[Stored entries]
*** Block opens ***

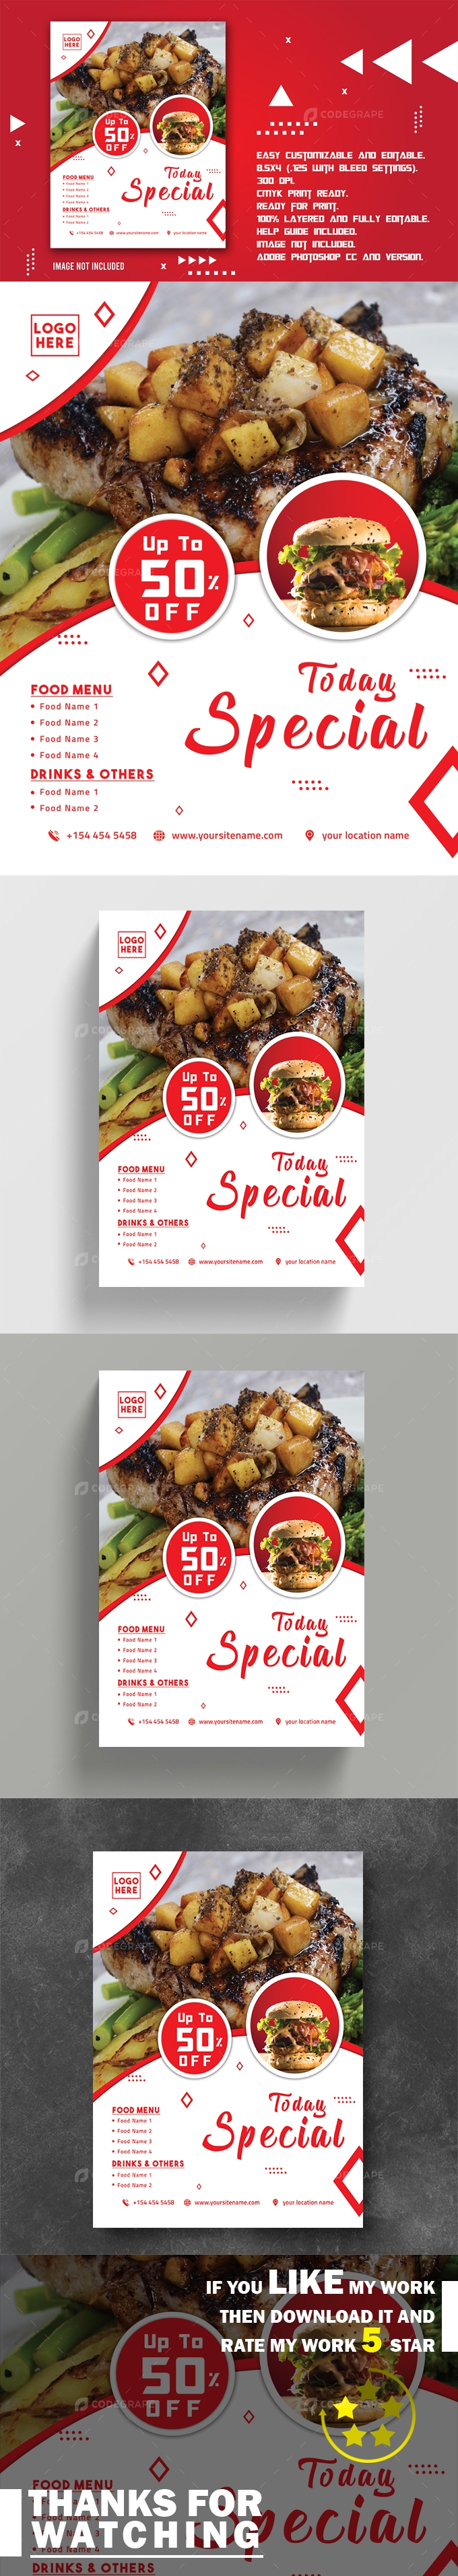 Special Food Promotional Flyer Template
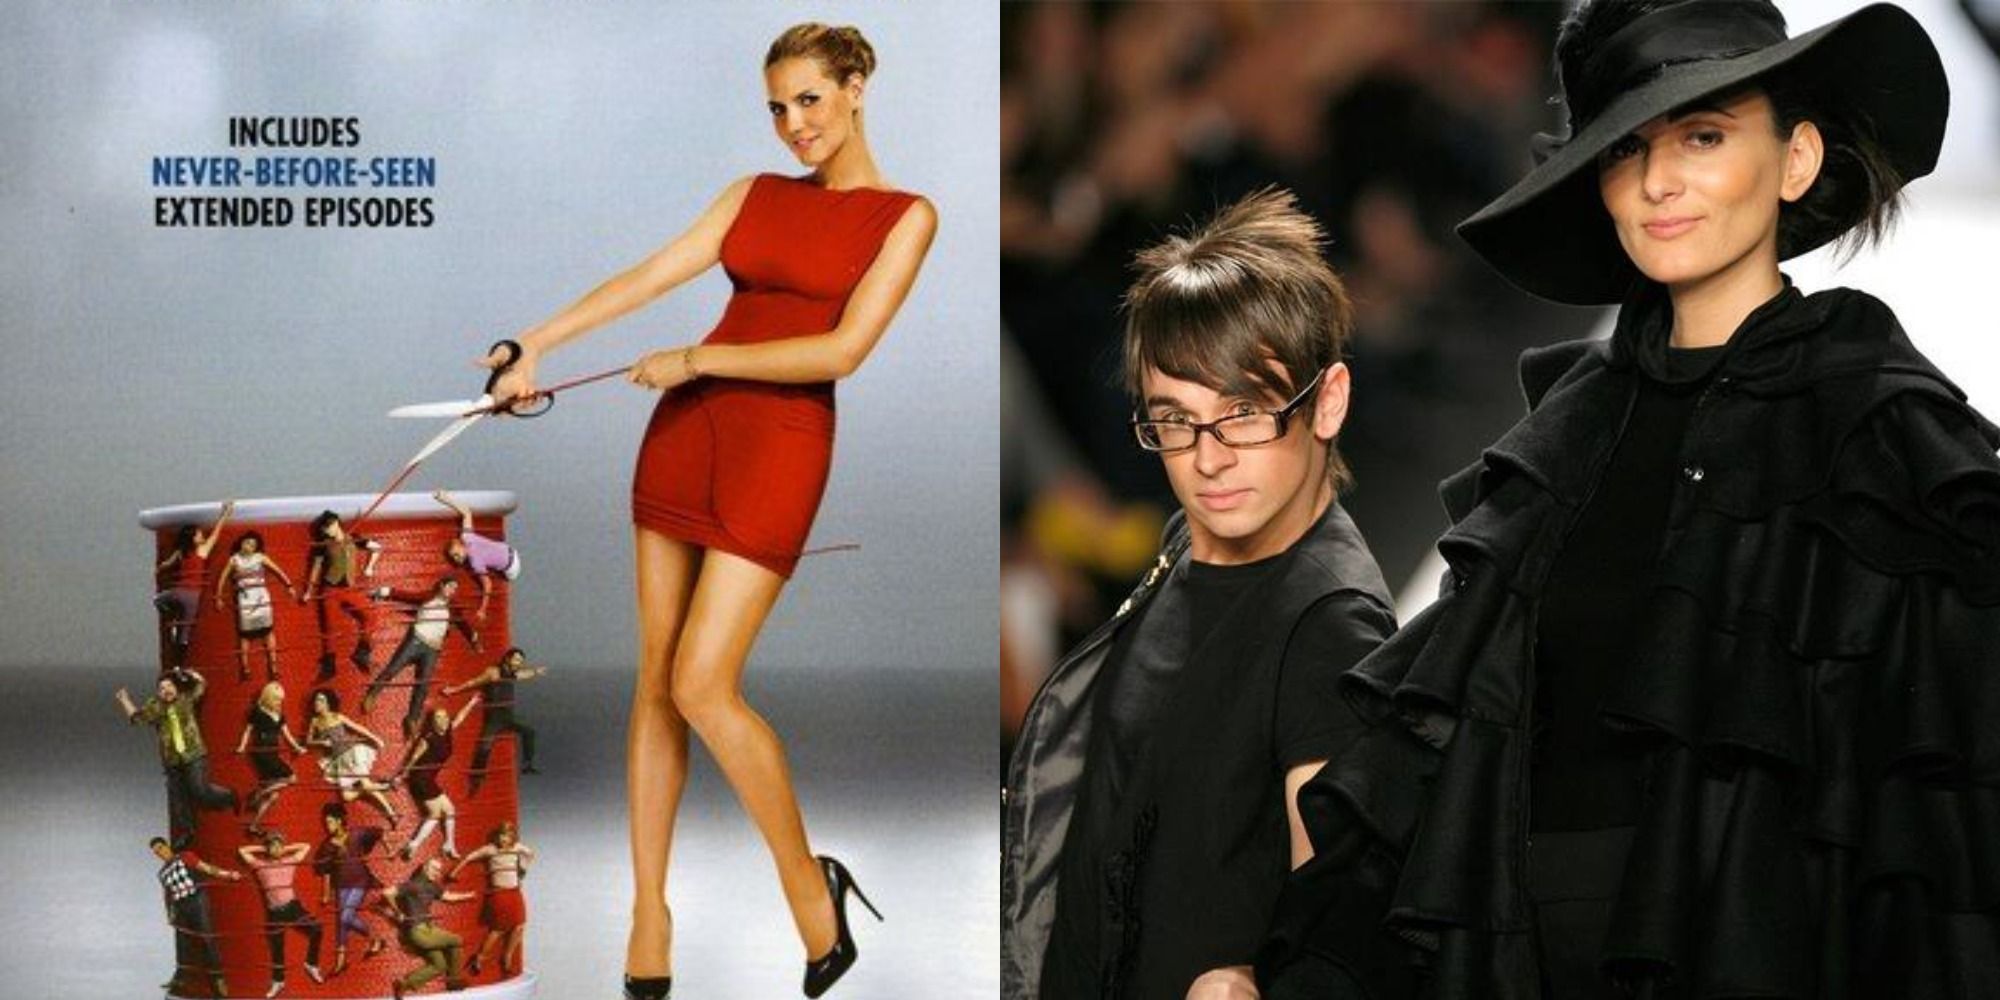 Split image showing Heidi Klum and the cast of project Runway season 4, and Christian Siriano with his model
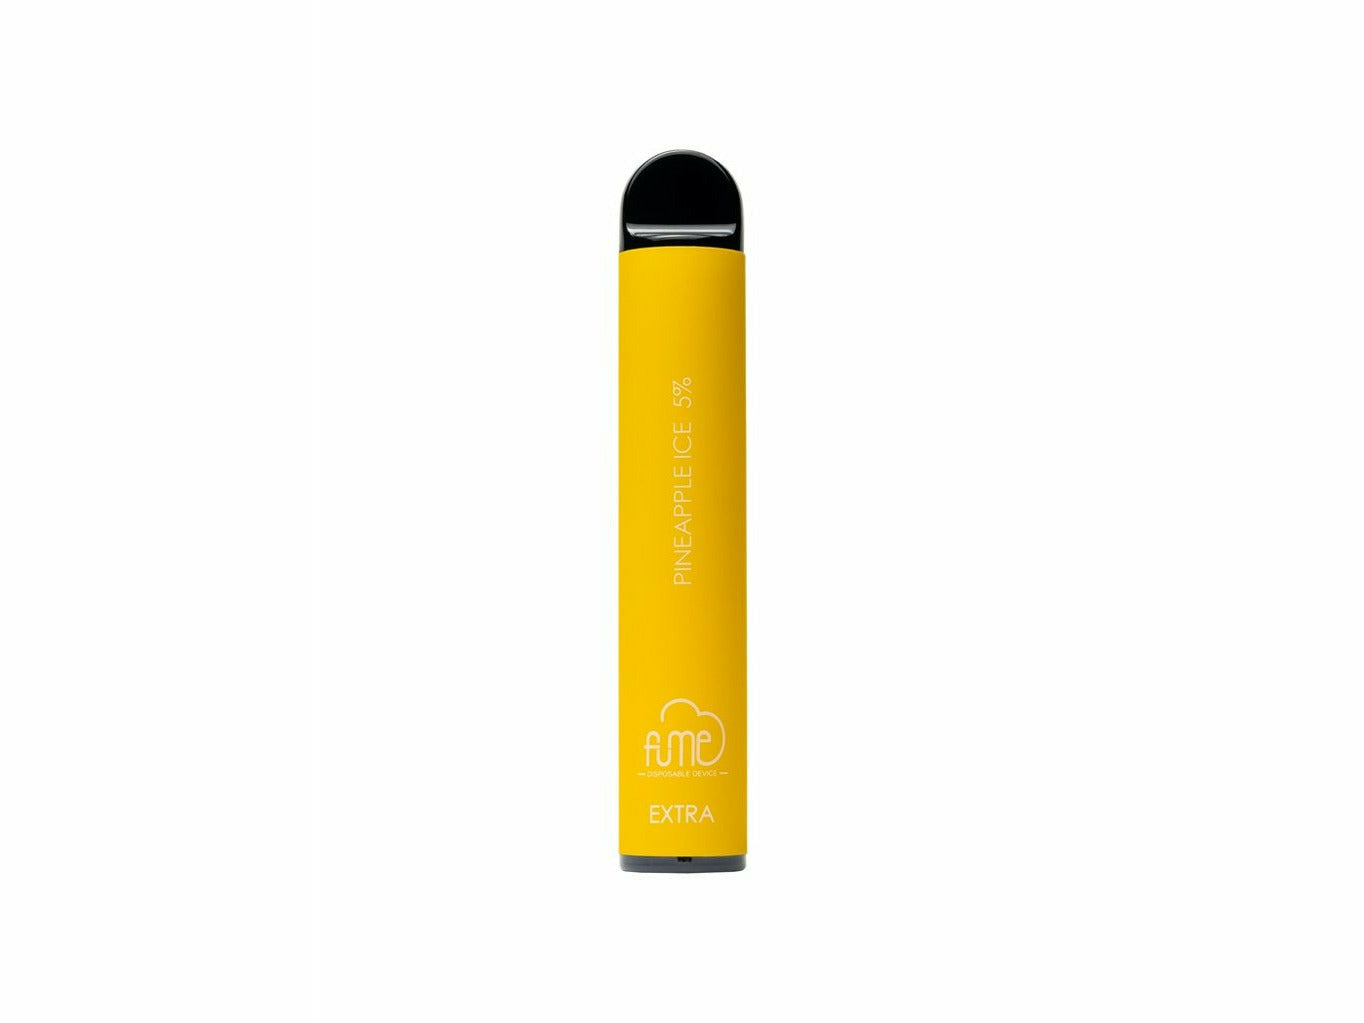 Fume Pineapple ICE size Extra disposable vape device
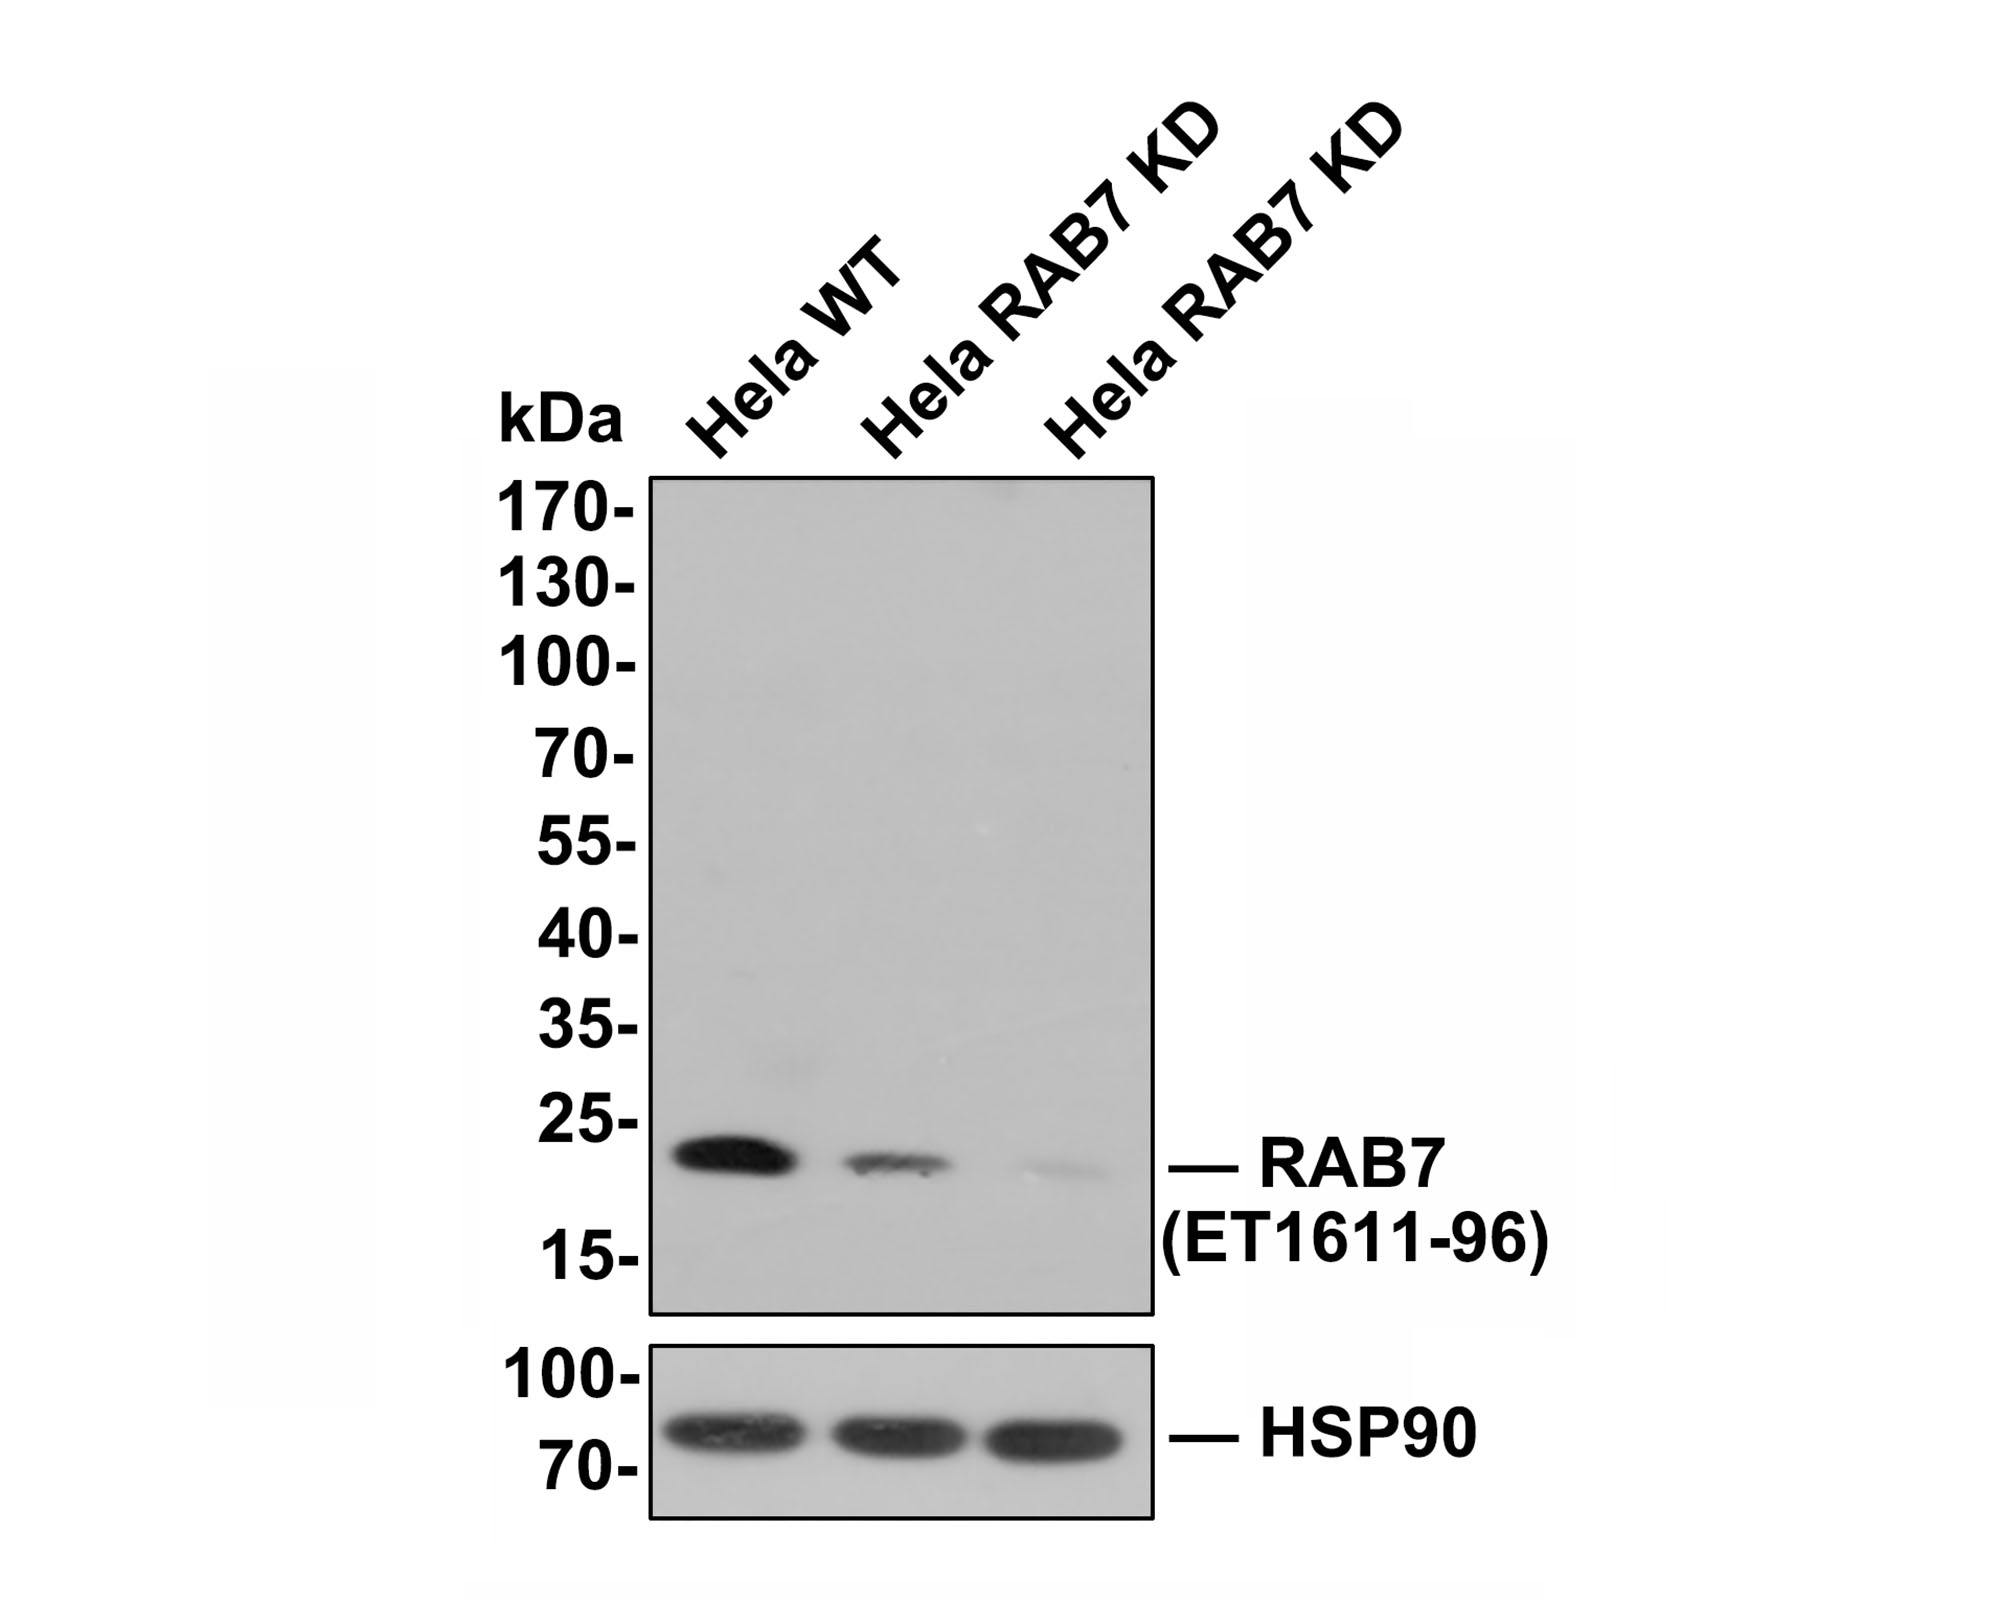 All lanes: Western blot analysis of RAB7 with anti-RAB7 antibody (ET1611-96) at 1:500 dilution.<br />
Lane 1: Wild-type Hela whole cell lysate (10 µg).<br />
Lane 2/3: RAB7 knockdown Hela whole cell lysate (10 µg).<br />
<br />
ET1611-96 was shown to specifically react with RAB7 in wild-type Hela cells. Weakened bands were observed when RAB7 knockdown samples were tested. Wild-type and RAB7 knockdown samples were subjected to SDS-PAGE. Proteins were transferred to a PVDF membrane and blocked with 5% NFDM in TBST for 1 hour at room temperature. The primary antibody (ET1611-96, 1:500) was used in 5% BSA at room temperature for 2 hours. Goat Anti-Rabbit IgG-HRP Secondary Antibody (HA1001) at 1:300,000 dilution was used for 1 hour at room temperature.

*** Block closes ***

● **PROMPT**
Each entry above is to be written out again unchanged, apart from the pictures, which are left out.

● **ANSWER FOR THIS EXERCISE**
 Special Food Promotional Flyer Template
 Split image showing Heidi Klum and the cast of project Runway season 4, and Christian Siriano with his model
 Fume Pineapple ICE size Extra disposable vape device
 All lanes: Western blot analysis of RAB7 with anti-RAB7 antibody (ET1611-96) at 1:500 dilution.<br />
Lane 1: Wild-type Hela whole cell lysate (10 µg).<br />
Lane 2/3: RAB7 knockdown Hela whole cell lysate (10 µg).<br />
<br />
ET1611-96 was shown to specifically react with RAB7 in wild-type Hela cells. Weakened bands were observed when RAB7 knockdown samples were tested. Wild-type and RAB7 knockdown samples were subjected to SDS-PAGE. Proteins were transferred to a PVDF membrane and blocked with 5% NFDM in TBST for 1 hour at room temperature. The primary antibody (ET1611-96, 1:500) was used in 5% BSA at room temperature for 2 hours. Goat Anti-Rabbit IgG-HRP Secondary Antibody (HA1001) at 1:300,000 dilution was used for 1 hour at room temperature.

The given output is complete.